# Ultegra 6603/6503 Compatibility



## aggieman (Feb 25, 2002)

I am interested in upgrading a bike to a TRIPLE Shimano Drivetrain from double.

Want to know if the following 9/10s combination will work ok? Particularly will the Front chainrings shift ok with the 6603 Crankset and 9s chain?

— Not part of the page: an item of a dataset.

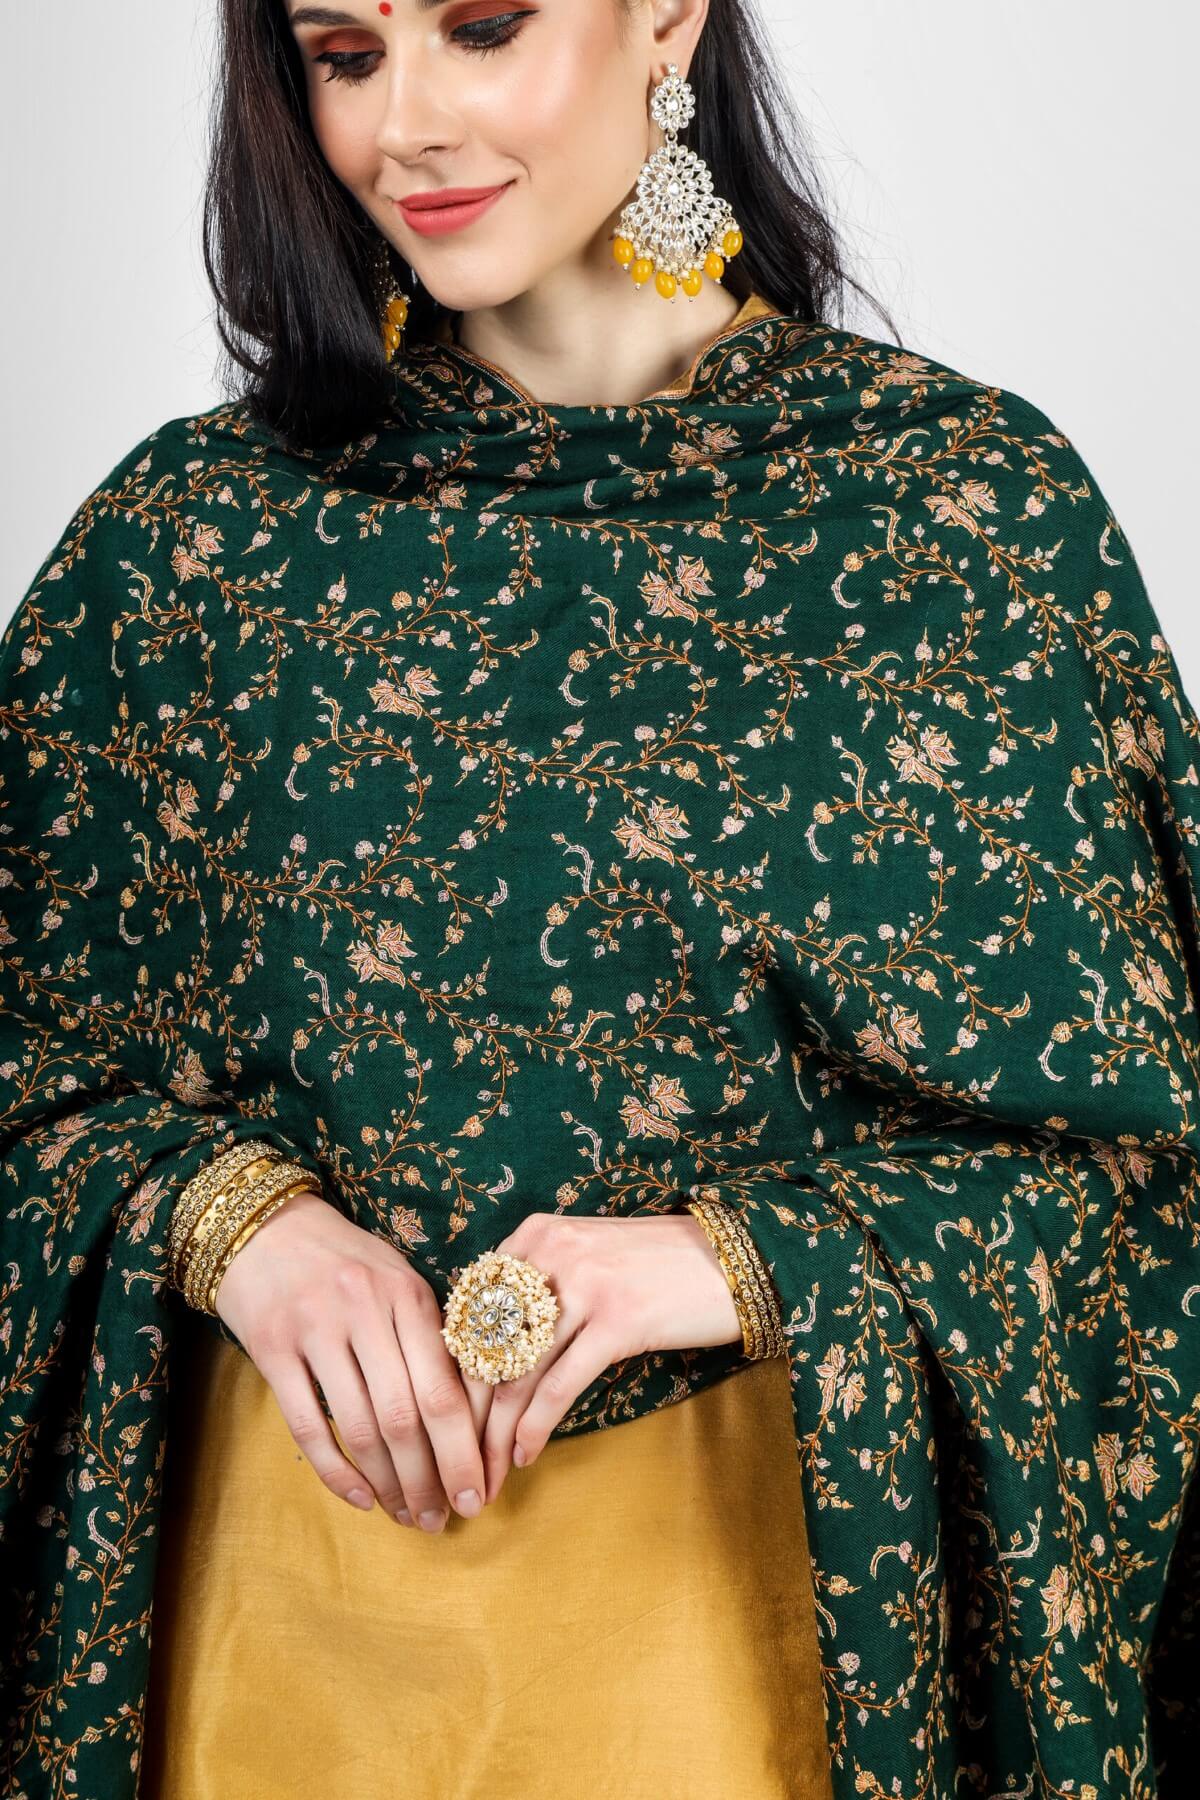 PASHMINA - Overall, the Lotus Green Pashmina Jaldaar Sozni Embroidered Shawl is a beautiful and luxurious piece that can be worn for special occasions or used as a statement piece to elevate any outfit. It also makes for a thoughtful and meaningful gift for a loved one.
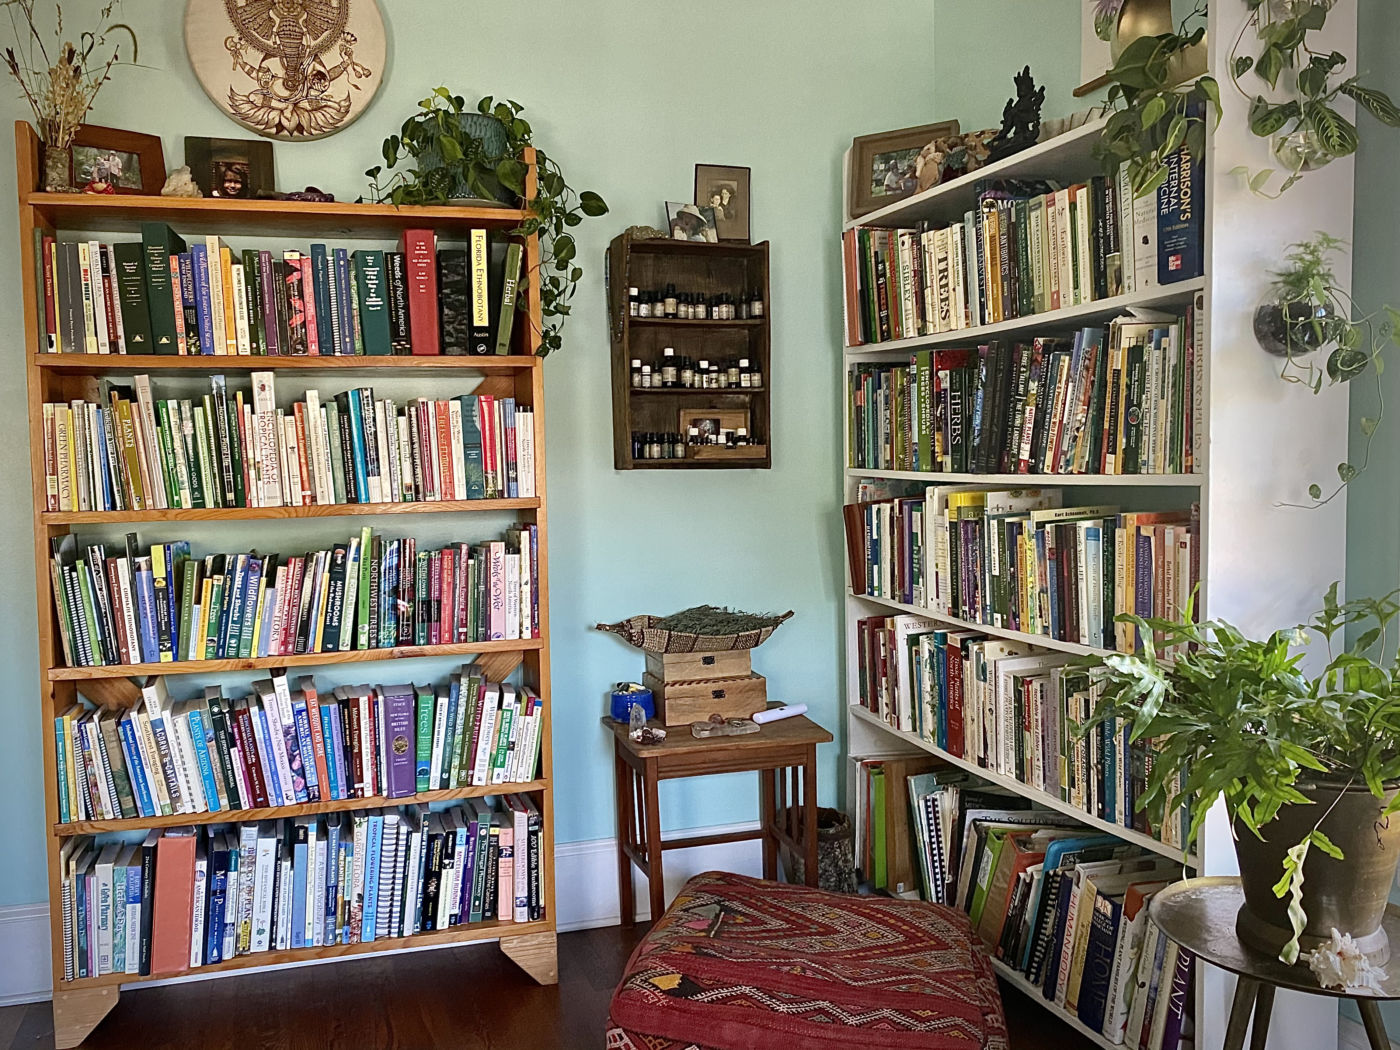 Two wooden bookcases full of the best herbal medicine books for herbalists, in a light blue room with lots of plants.

Mix of components would like to use:

RD-6600 GS Long cage Rear derailleur
FD-6603 Front derailleur
FC-6603 Triple crankset & bb
CS-6500 9 speed cassette
Shimano 9s hg93 chain
Shimano 9s 105 STI levers.

Thanks very much for any help/comments.


----------



## rriddle3 (Aug 5, 2004)

They should work together, but you need to change the bottom bracket to the one designed for a triple crankset to get the chainline correct. Are you planning to eventually go all 10 speed? If not, why not get 6500 parts instead of 6600?


----------



## BarryG (Jul 5, 2004)

rriddle3 said:


> you need to change the bottom bracket to the one designed for a triple crankset to get the chainline correct


Huh? The 6603 crank includes the axle. Just need the SMFC6600 bearing set, which is double/triple compatible.


----------



## rriddle3 (Aug 5, 2004)

Absolutely right! Just a momentary brain fart.


----------